Note: CodeRabbit is an incremental review system and does not re-review already reviewed commits. This command is applicable only when automatic reviews are paused.

[nemesifier]

The fix lands the right server-side split, keep the raw label for the filter, escape it for display, but two things still need attention before this can merge.

filters.append(label) ends up in both branches of the if/else:

if labels_i18n and qs_key in labels_i18n:
    filters.append(label)
    label = labels_i18n[qs_key]
else:
    filters.append(label)
    # HTML escape labels coming from values in the DB
    # to avoid possible XSS attacks caused by
    # malicious DB values set by users
    label = html.escape(label)

Same line in both branches always wants to be hoisted above the if/else. Doing that also fixes a small reading hiccup: the new filters.append(label) currently sits between else: and the comment about html.escape, so the comment no longer describes the line right below it.

filters.append(label)
if labels_i18n and qs_key in labels_i18n:
    label = labels_i18n[qs_key]
else:
    # HTML escape labels coming from values in the DB
    # to avoid possible XSS attacks caused by
    # malicious DB values set by users
    label = html.escape(label)

The bigger problem is that the JS this fix relies on never URL-encodes what it appends. From ow-dashboard.js:

if (filters && typeof filters[i] !== "undefined") {
    path += filters[i];
}

After this PR the click handler receives the raw Dongwon T&I DW02-412H (128M) and concatenates it onto the path. Browsers don't auto-encode &, =, ?, #, (, ), so the URL that ends up at the server is ?model__exact=Dongwon T&I DW02-412H (128M), which parses at the & into two query parameters and applies the filter as model__exact=Dongwon T. The expected URL in #651 (?model__exact=Dongwon%20T%26I%20DW02-412H%20%28128M%29) needs encodeURIComponent to land, either on the JS side (path += encodeURIComponent(filters[i])) or by pre-encoding the values when the server populates filters.

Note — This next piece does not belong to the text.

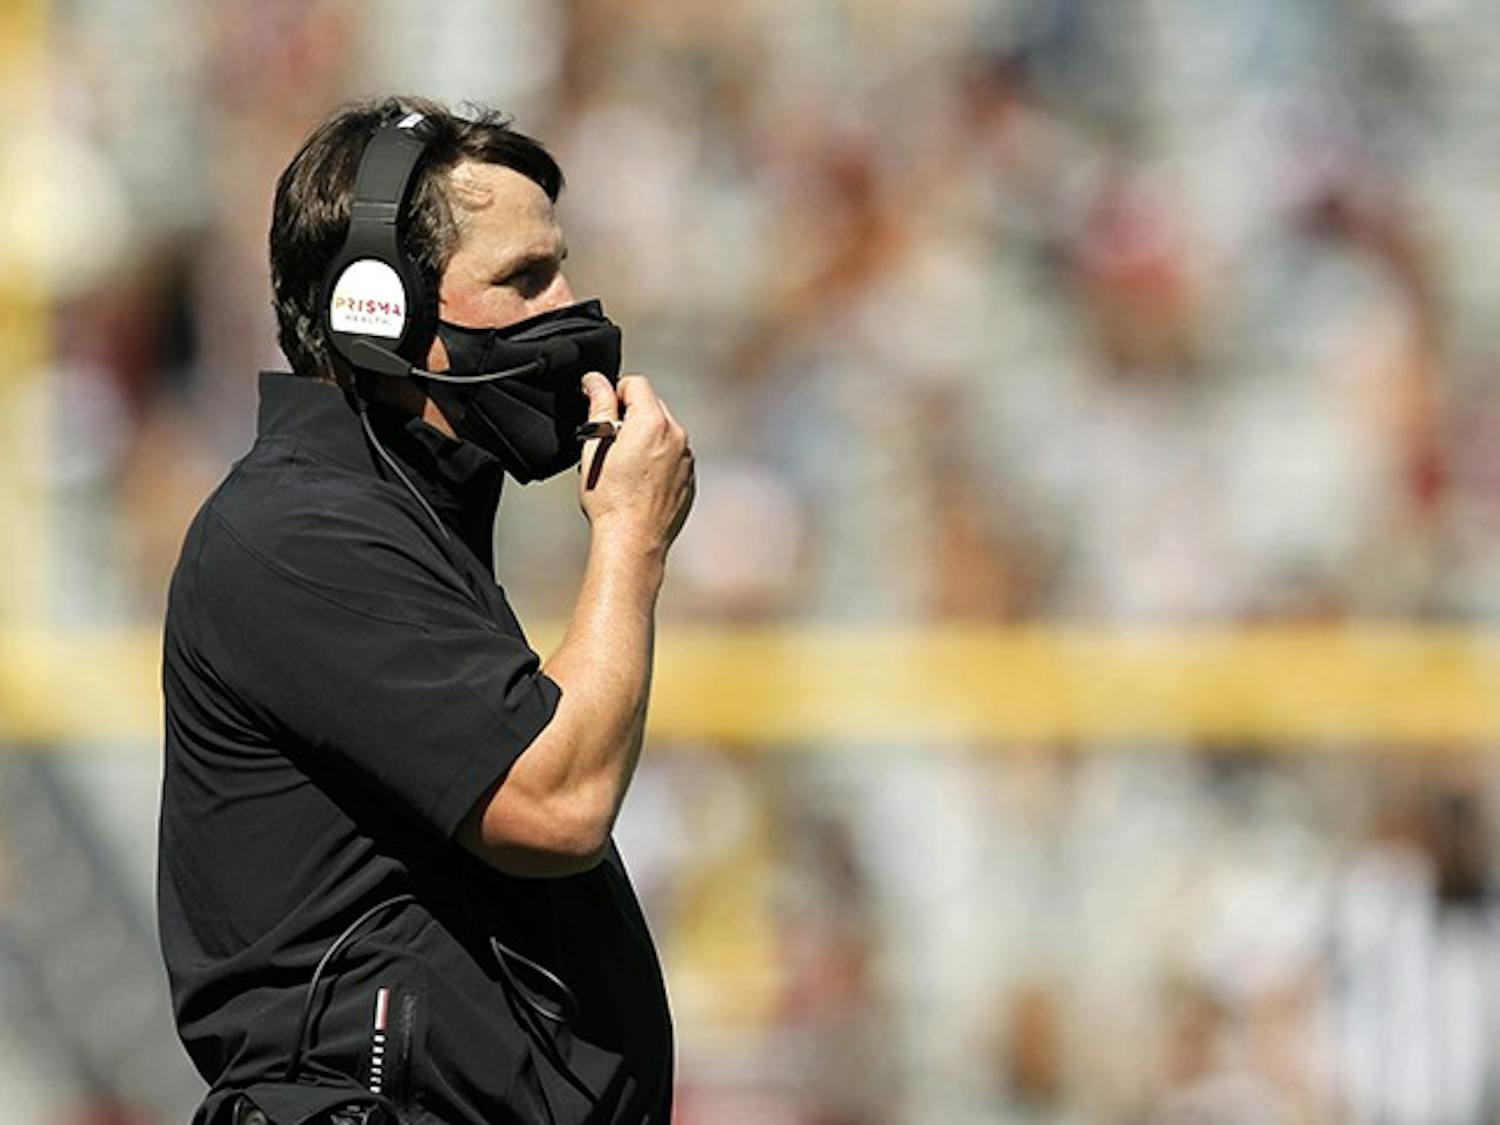 South Carolina head football coach Will Muschamp fixes his mask during the game against Auburn on Saturday, Oct. 17. The Gamecocks will travel to Baton Rouge on Saturday, Oct. 24 to take on the LSU Tigers.

The new test doesn't surface this because it only checks what the server writes into chart["filters"] and chart["query_params"]["labels"]; it doesn't build the URL the JS would actually navigate to. The double-encoding symptom is gone, but for the exact labels that originally hit this bug the resulting URL is malformed instead. Worth extending the coverage to the click handler's output, Selenium, or a small unit test that replicates the string concatenation, and either fixing the encoding in JS or pre-encoding on the server.